Поэтому, вернувшись 30 января к «делу С.Л.», Политбюро поручило его ведение «комиссии в составе тт. Озерского[560], Крестинского и Дволайцкого[561]»[562], но уже осенью, 31 октября, возложило «разрешение вопросов, связанных с процессом, на тт. Крестинского и Элиаву»[563], который — в связи с разделением еще в ноябре 1930 г. Наркомата внешней и внутренней торговли СССР на Наркомат снабжения СССР во главе с Микояном и Наркомат внешней торговли СССР во главе с Розенгольцем — занял должность заместителя последнего. Столь долгая проволочка с разрешением «дела С.Л.» объяснялась тем, что суд над Альшицем дважды откладывался[564], и процесс начался лишь 20 июня 1932 г. От вердикта присяжных заседателей вновь зависела судьба 25 млн. франков, и, так как при оправдании банкира векселя освобождались из-под ареста с предъявлением их к оплате, торгпредство сделало все, чтобы взять реванш.
Но в составе адвокатов произошли существенные изменения, ибо в связи с недовольством в Москве деятельностью Андре Бертона в палате депутатов, ЦК ФКП не выставил его кандидатуру на очередные парламентские выборы, из-за чего «красный миллионер», как писала эмигрантская пресса, «обиделся, покинул партию и вернулся в свое первобытное буржуазное состояние». В беседе с корреспондентом одной из парижских газет Бертон заявил, что остается «восторженным поклонником русской революции», но, не желая создавать трудности своим вчерашним товарищам в Париже, где он состоял коммунистическим депутатом от XIII округа, выставит свою кандидатуру на Ривьере от департамента Вар как независимый кандидат. Увы, Бертона обошел его соперник — социалист…[565]

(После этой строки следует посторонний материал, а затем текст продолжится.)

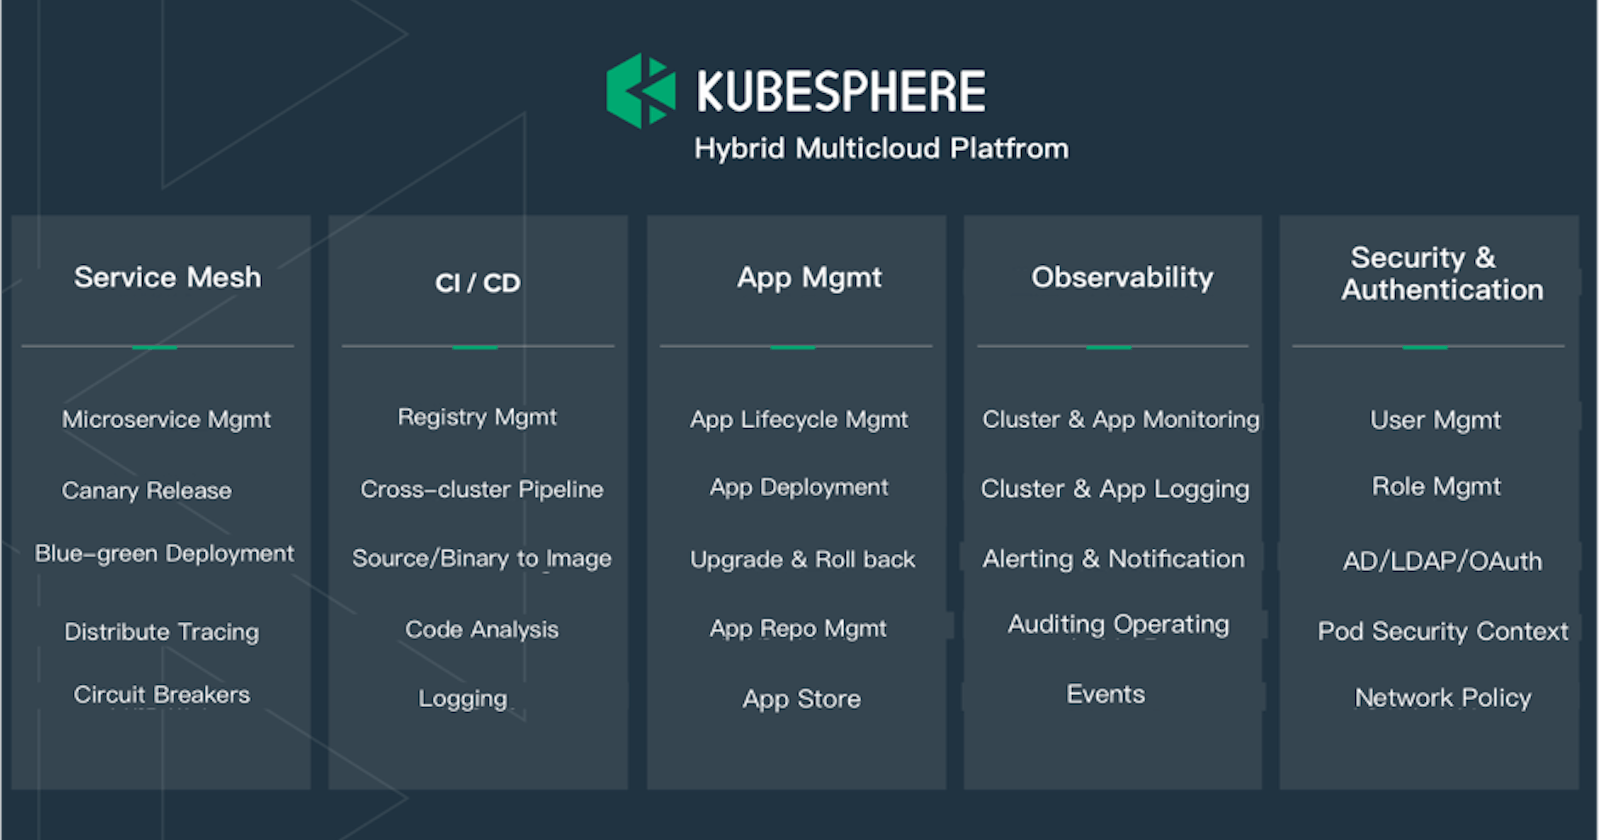 KubeSphere at a glance

Поэтому торгпредство в суде представляли «громогласный» Анри Торрес и «ветераны» — «моложавый и изящный» Морис Гарсон и по-прежнему говоривший по-французски с сильным акцентом Александр Грубер, которые находились под неустанной опекой все того же «пухлого» Членова, «любезничавшего решительно со всеми». Подсудимого, обвинявшегося в использовании подложных документов и мошенничестве, защищали Моро-Джиаффери, вызывавший, как отмечала пресса, «целые бури страстей своим красноречием», и столь же горячий Долинер.[566]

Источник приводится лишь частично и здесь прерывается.